Я ужасно ее стеснялась на первых порах, но она была так добра и внимательна ко мне, что в конце концов я забыла и о разнице в возрасте, и о том, что я не дома… Я много работала в библиотеке замка, но более всего мне понравились верховые прогулки. Миллет, ко всему прочему, оказался прекрасным гидом не только по замку, но и по ближайшим окрестностям… В тех местах ведь что ни камень, то легенда или какое-нибудь предание…
— Миллет? — перебил ее Сергей. — Он ухаживал за вами?
— Конечно, — улыбнулась Настя. — Для своих пятидесяти лет он достаточно уверенно держался в седле,
Правда, спускаться на землю ему помогали два лакея, которые встречали нас у конюшни со специальной скамеечкой и подставляли ее ему под ноги. Сергей покачал головой.
— Вы решили подразнить меня?
— Ни в коем случае, я рассказываю все, как было, но если вас интересует, были ли там молодые люди, отвечу: моложе пятидесяти там были только лошади на конюшне… А что касается Миллета, то по собственной воле он ни за что бы на прогулку не отправился, но герцогиня попросила его показать мне поместье, и он не посмел ей перечить.
— И когда же у вас зашел разговор о завещании? Настя с недоумением посмотрела на Сергея.

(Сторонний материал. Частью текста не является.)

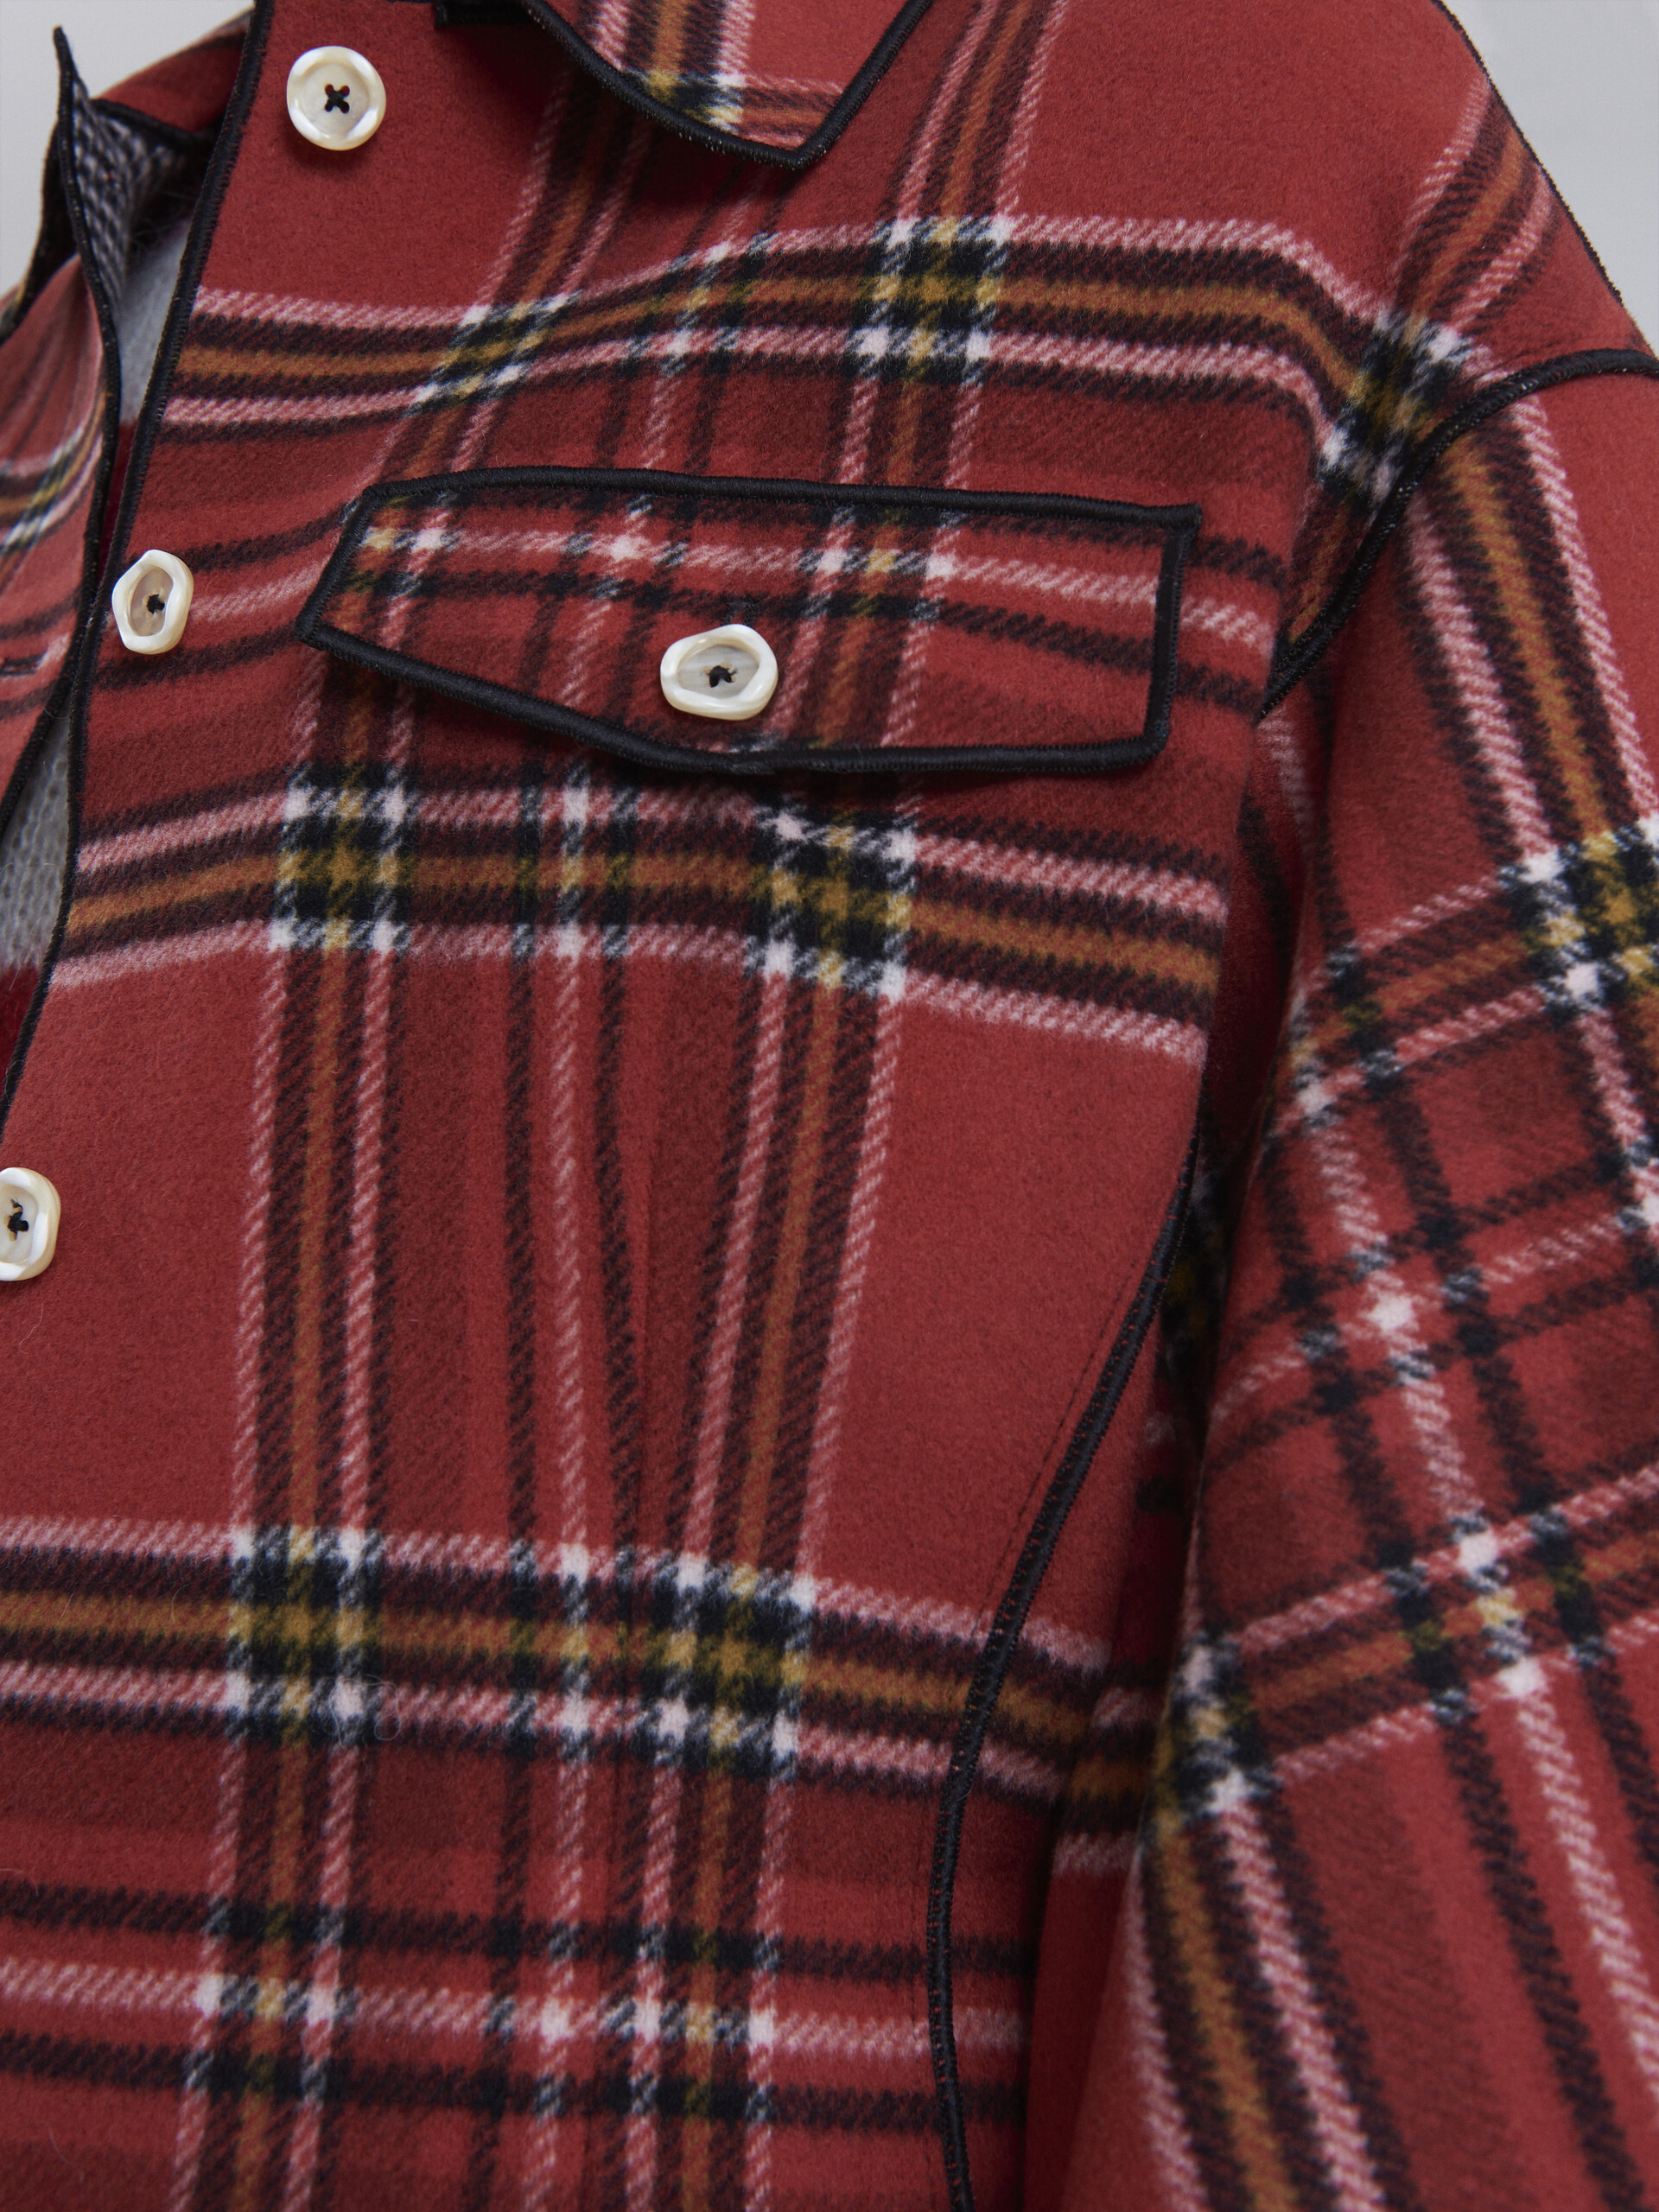 Cappotto in lana melton double face con interno e piping a contrasto - Giacche - Image 5

— А он ни разу и не заходил. Только дня за два до моего отъезда мы встретились с герцогиней вновь, на этот раз в ее спальне. Анне Романовне опять стало хуже, мы несколько дней с ней не виделись. Я попросила Миллета передать ей, что через день уезжаю, она тут же велела привести меня и неожиданно попросила меня подробно рассказать о моей семьей, нашем имении, и особенно подробно выспрашивала о дедушке. Я сначала не понимала, чем вызван этот интерес, но уже перед самым отъездом, когда я пришла к ней попрощаться, она вручила мне письмо и попросила отдать его дедушке. И более ничего. Она уже не поднималась, говорила с трудом, и я постеснялась спросить, откуда она его знает. Через месяц я была дома и передала ему письмо. И когда он взял его в руки, Фаддей, вы не поверите — дедушка, который всю жизнь всех держал в кулаке, которого все боялись как огня, он вдруг заплакал! Заплакал навзрыд, ушел в свой кабинет и не выходил целый день. Через месяц он умер, но перед смертью просил меня никому не рассказывать об этом письме. И я никому не рассказала, даже маме, вот только вам… — Настя смущенно посмотрела на Сергея. — Вот и вся история!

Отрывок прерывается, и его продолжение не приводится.